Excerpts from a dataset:
--- START ---
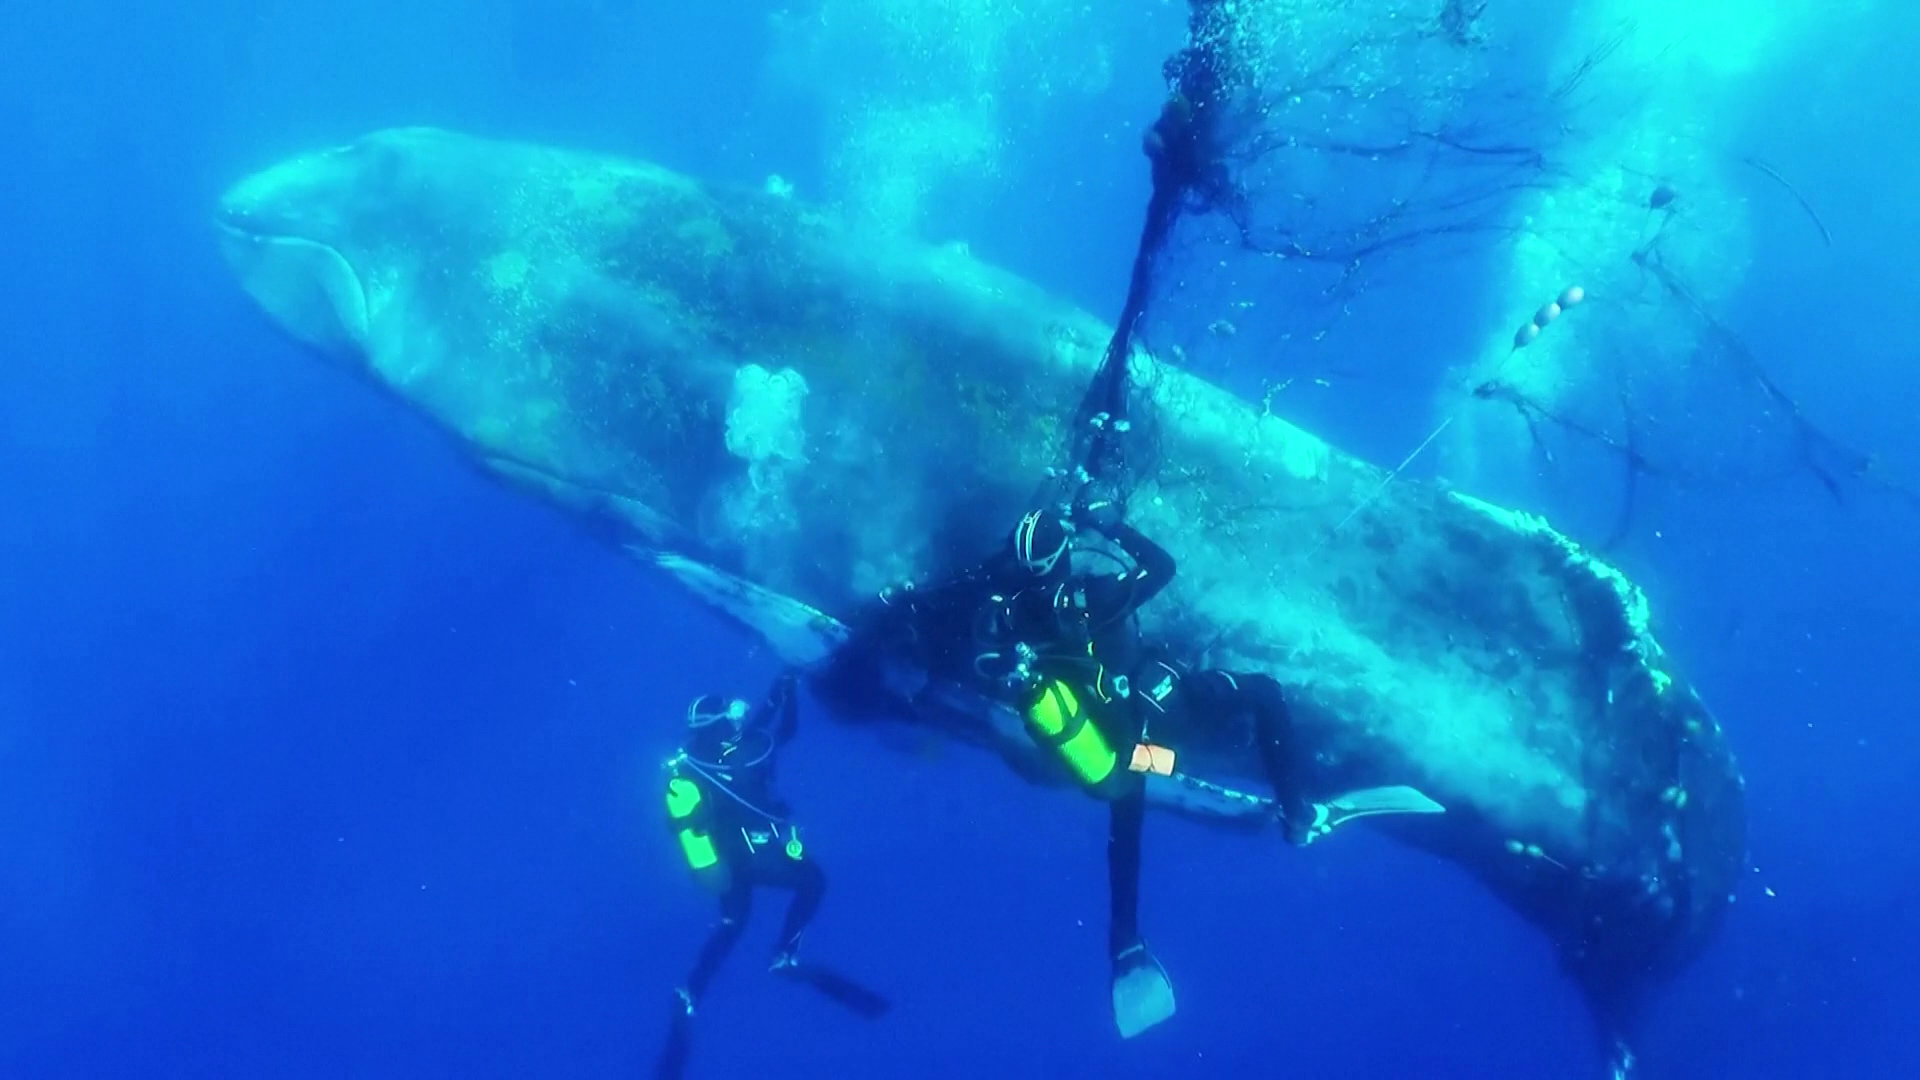 Hálóba gabalyodott bálnát mentettek spanyol búvárok
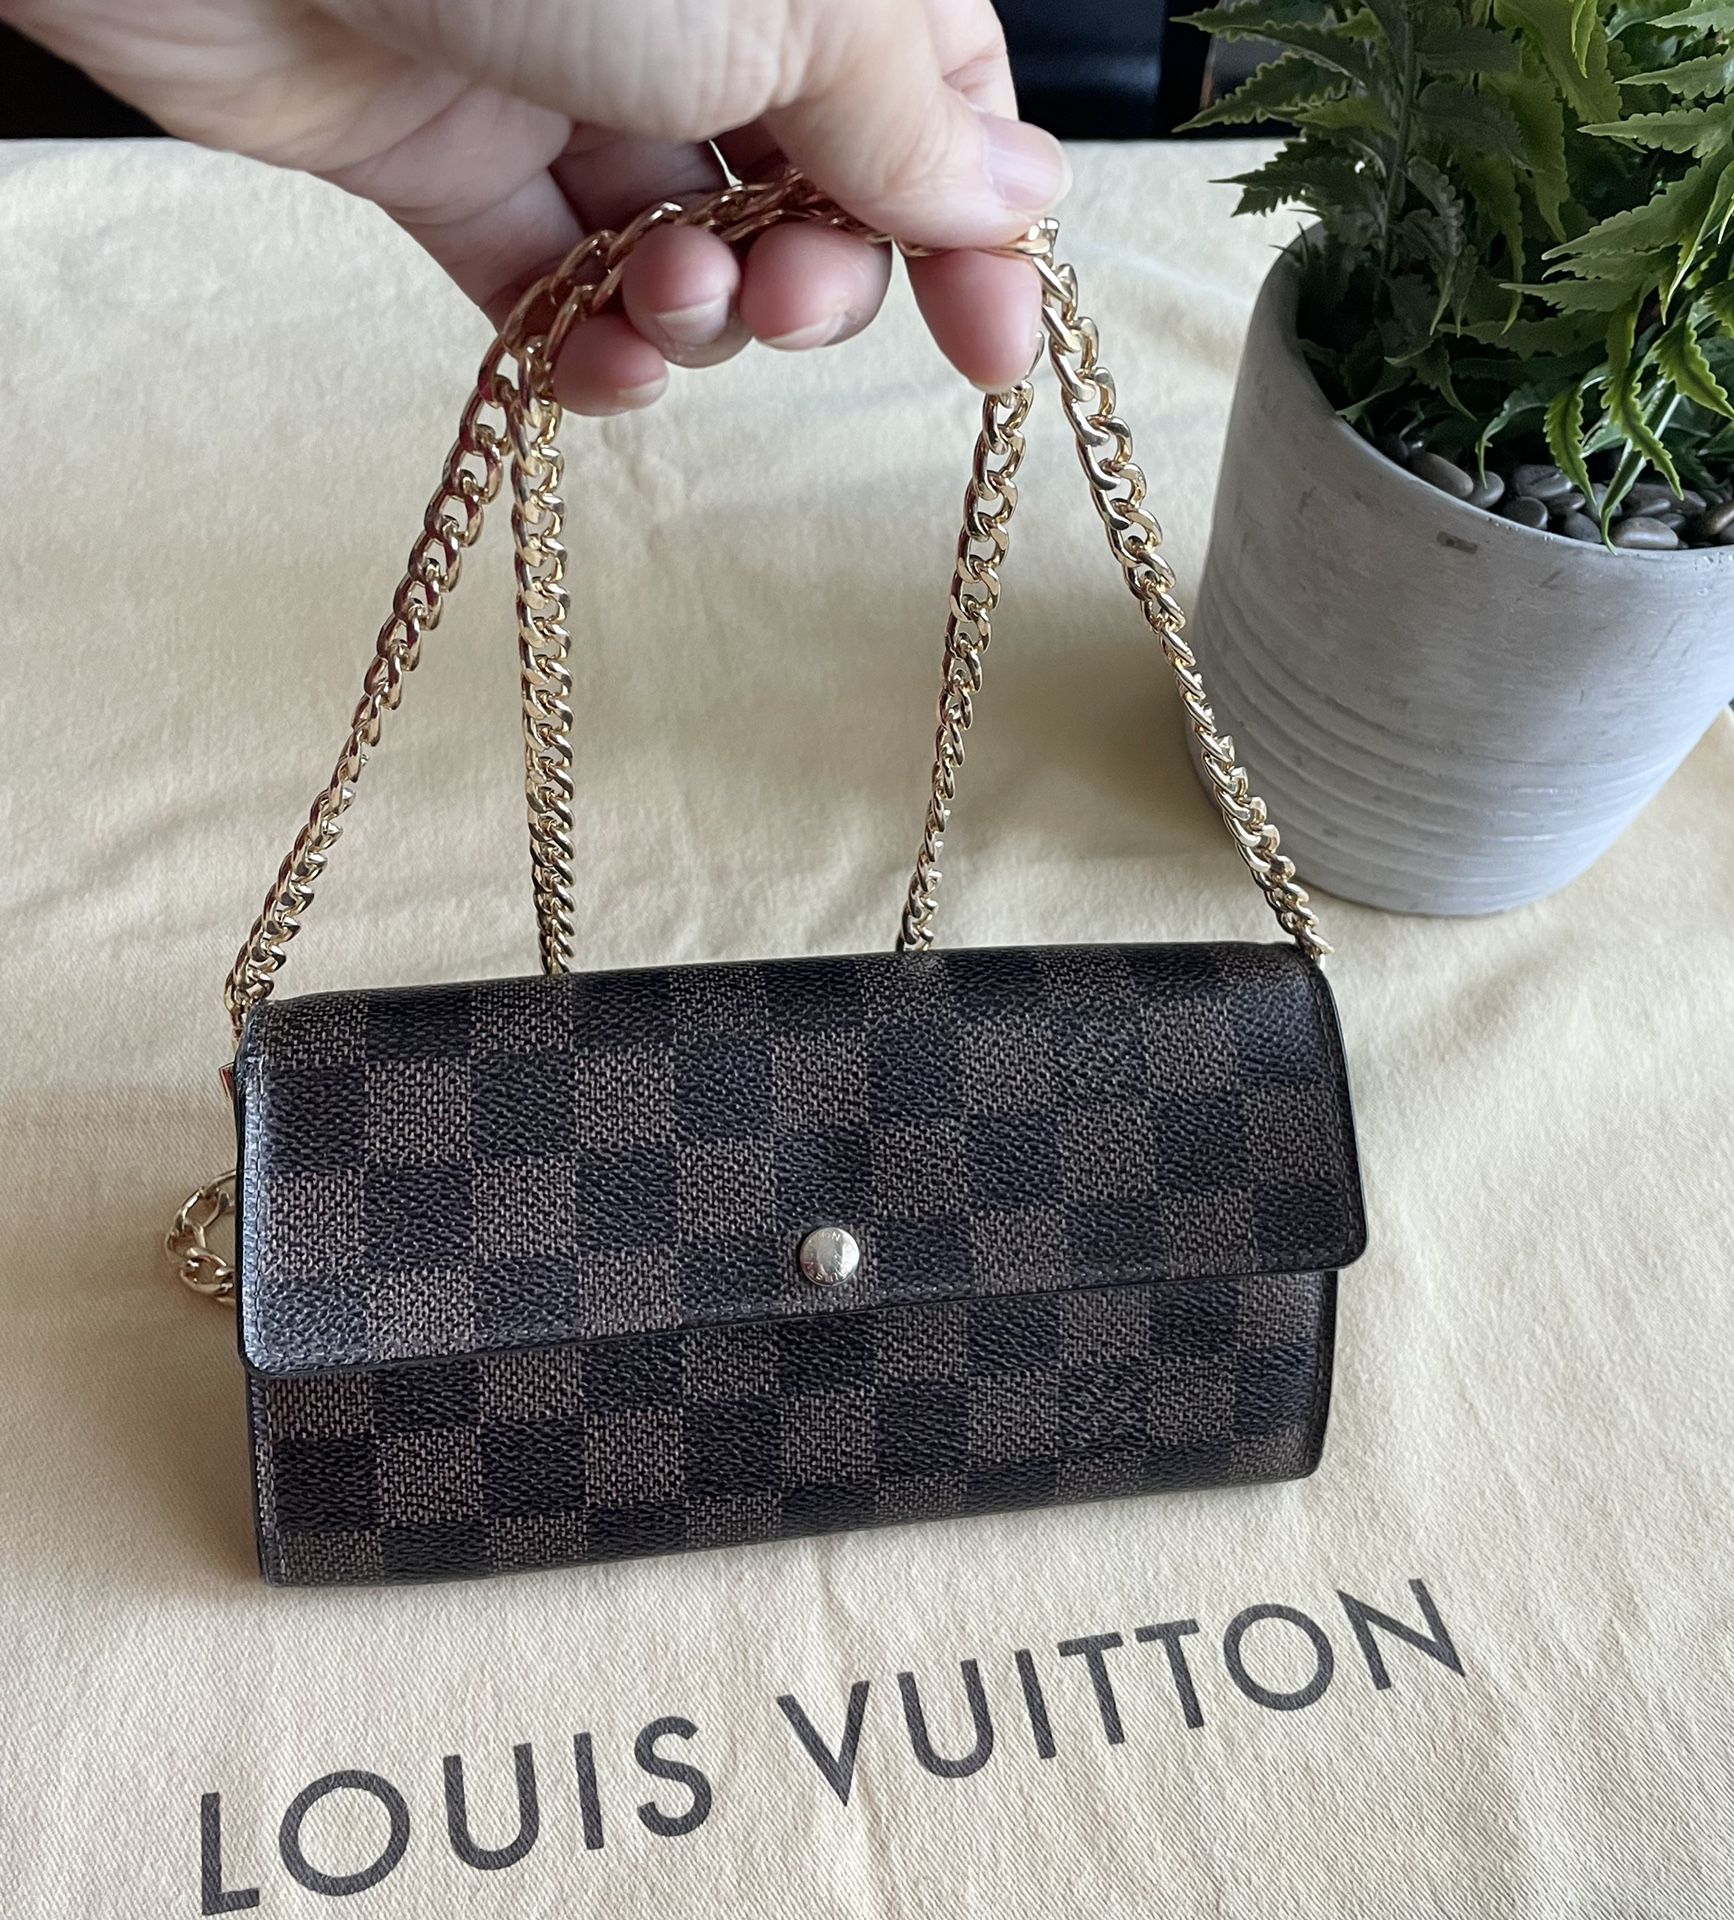 Authentic Louis Vuitton Damier Long Wallet W/Chain
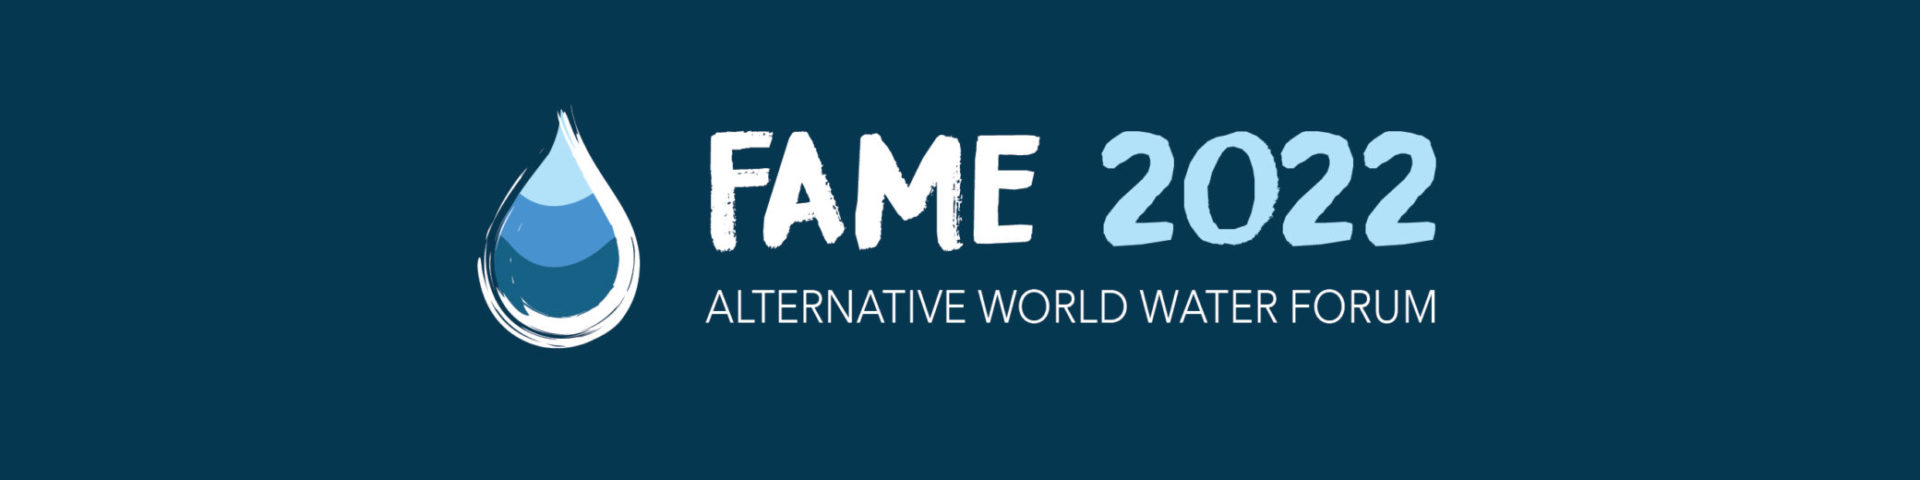 Banners Logo FAME Dakar 2022
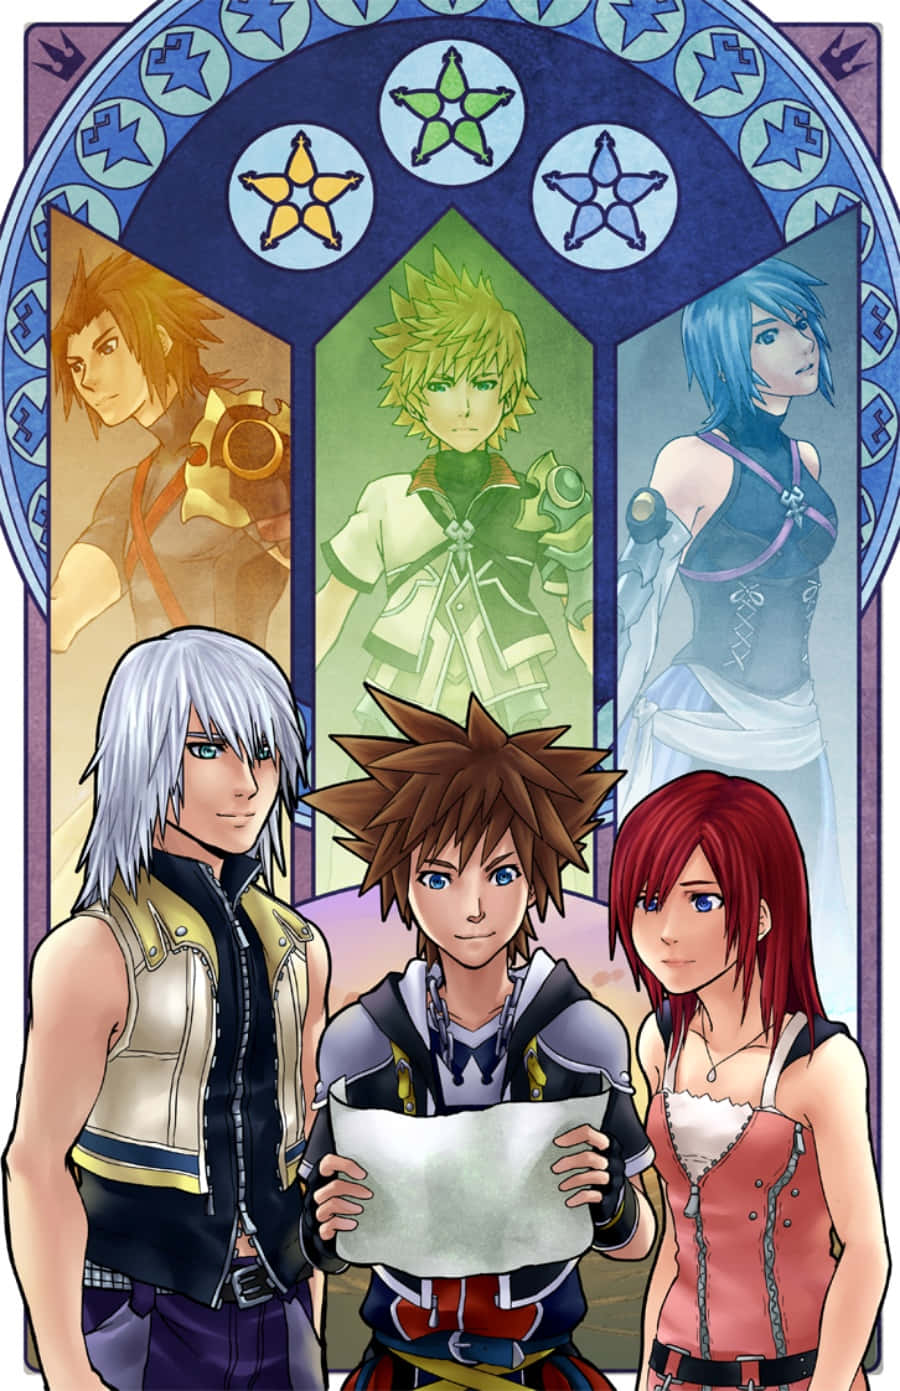 Tag på en episk rejse med Sora og venner i Kingdom Hearts
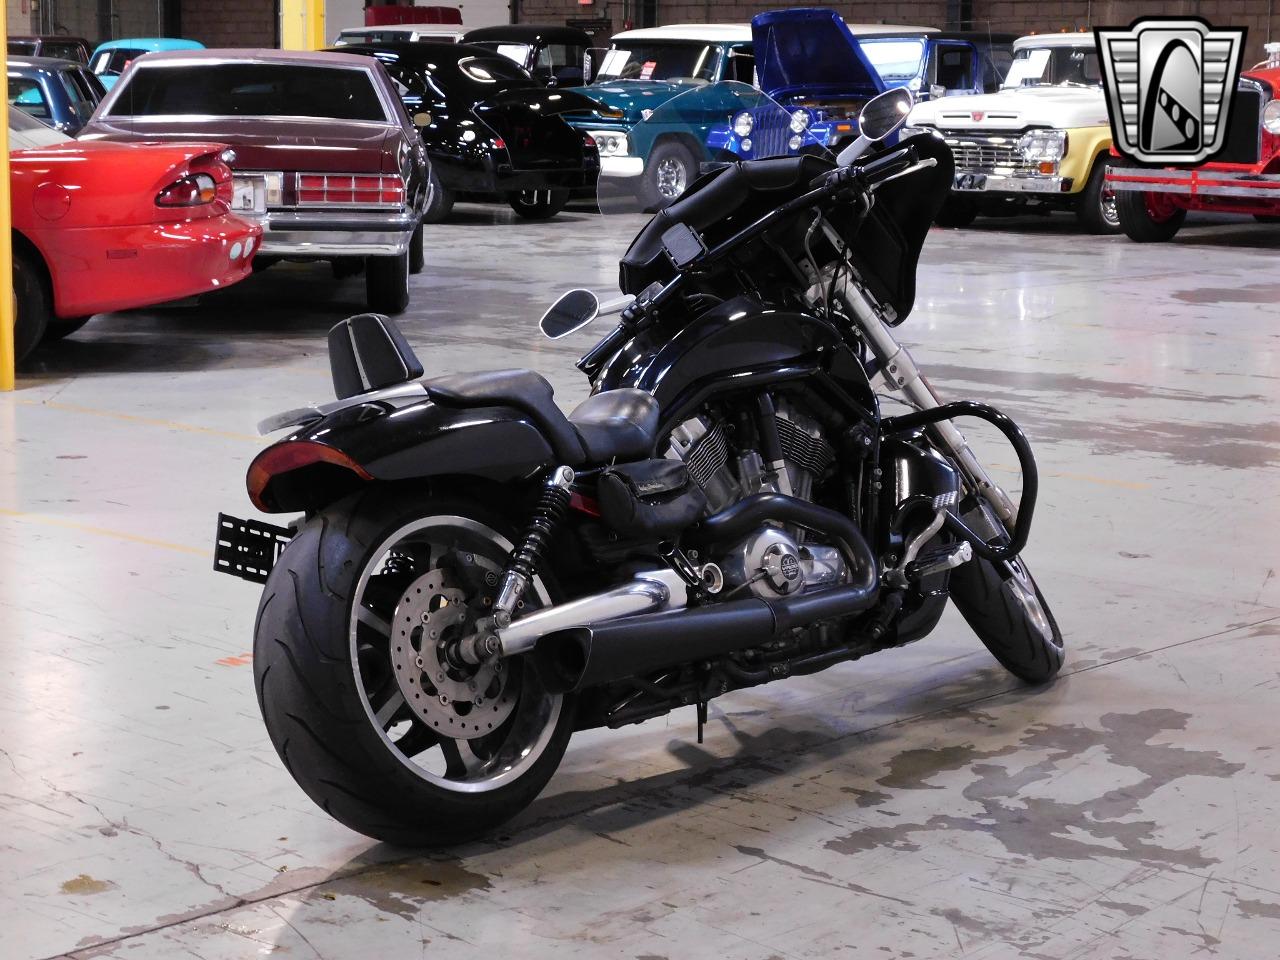 2012 Harley Davidson V-Rod Muscle
--- END ---
- TASK OBJECTIVE
Write out every record exactly. Leave the pictures out.

- EXERCISE RESULT
 Hálóba gabalyodott bálnát mentettek spanyol búvárok
 Authentic Louis Vuitton Damier Long Wallet W/Chain
 Banners Logo FAME Dakar 2022
 Tag på en episk rejse med Sora og venner i Kingdom Hearts
 2012 Harley Davidson V-Rod Muscle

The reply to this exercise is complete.